▶ **What to produce**: Below is a listing; restate from it, character for character, the lines beginning at the line holding "Bellemonde Hanging Toiletry" and ending at the line holding "6 White ...", both included.

▶ **Entries shown**:

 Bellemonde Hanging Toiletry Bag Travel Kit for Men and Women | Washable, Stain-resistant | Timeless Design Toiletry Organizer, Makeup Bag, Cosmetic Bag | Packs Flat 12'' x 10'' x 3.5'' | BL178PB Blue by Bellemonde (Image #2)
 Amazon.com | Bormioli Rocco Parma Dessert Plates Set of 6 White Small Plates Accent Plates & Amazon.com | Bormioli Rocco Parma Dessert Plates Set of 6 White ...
---
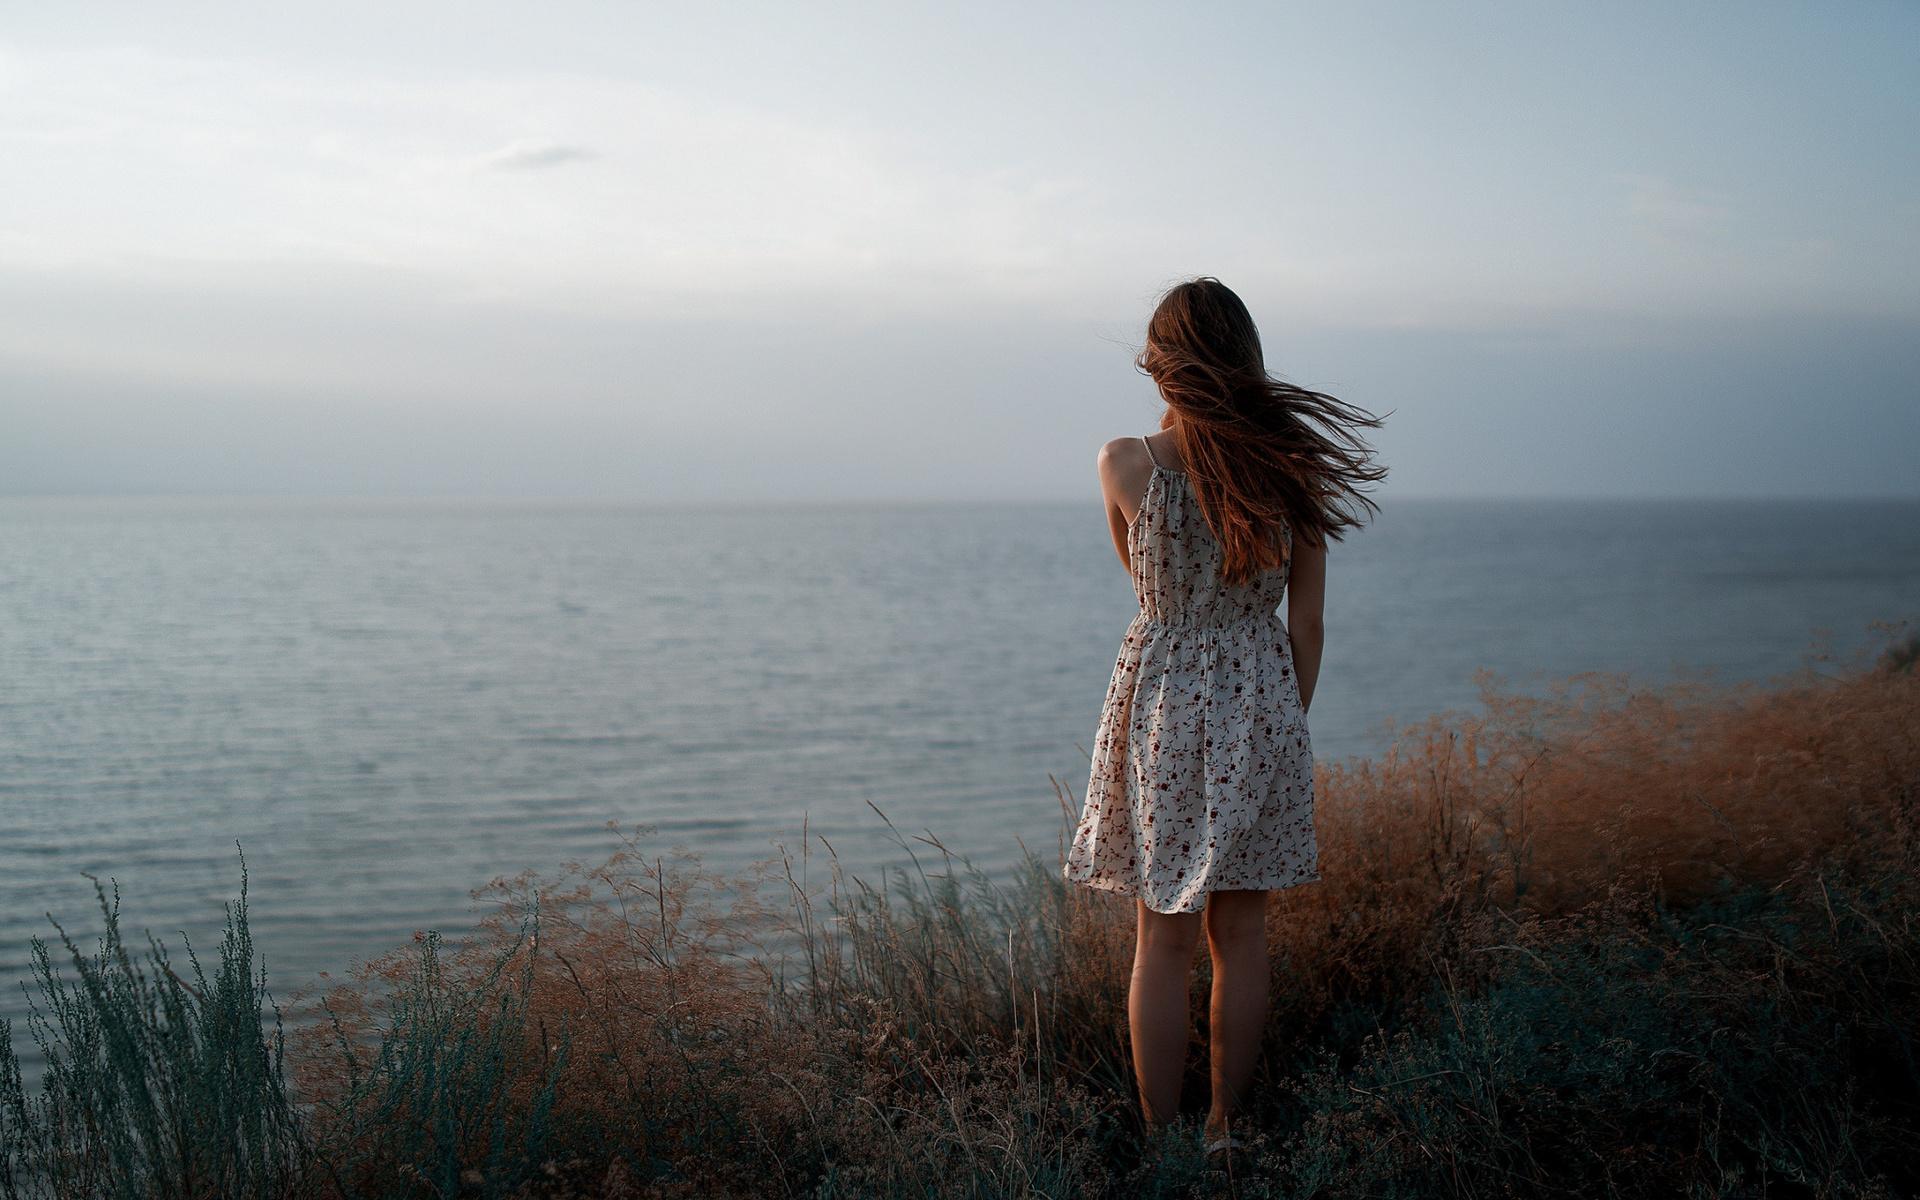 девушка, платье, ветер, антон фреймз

▶ **Completed exercise**:
 Bellemonde Hanging Toiletry Bag Travel Kit for Men and Women | Washable, Stain-resistant | Timeless Design Toiletry Organizer, Makeup Bag, Cosmetic Bag | Packs Flat 12'' x 10'' x 3.5'' | BL178PB Blue by Bellemonde (Image #2)
 Amazon.com | Bormioli Rocco Parma Dessert Plates Set of 6 White Small Plates Accent Plates & Amazon.com | Bormioli Rocco Parma Dessert Plates Set of 6 White ...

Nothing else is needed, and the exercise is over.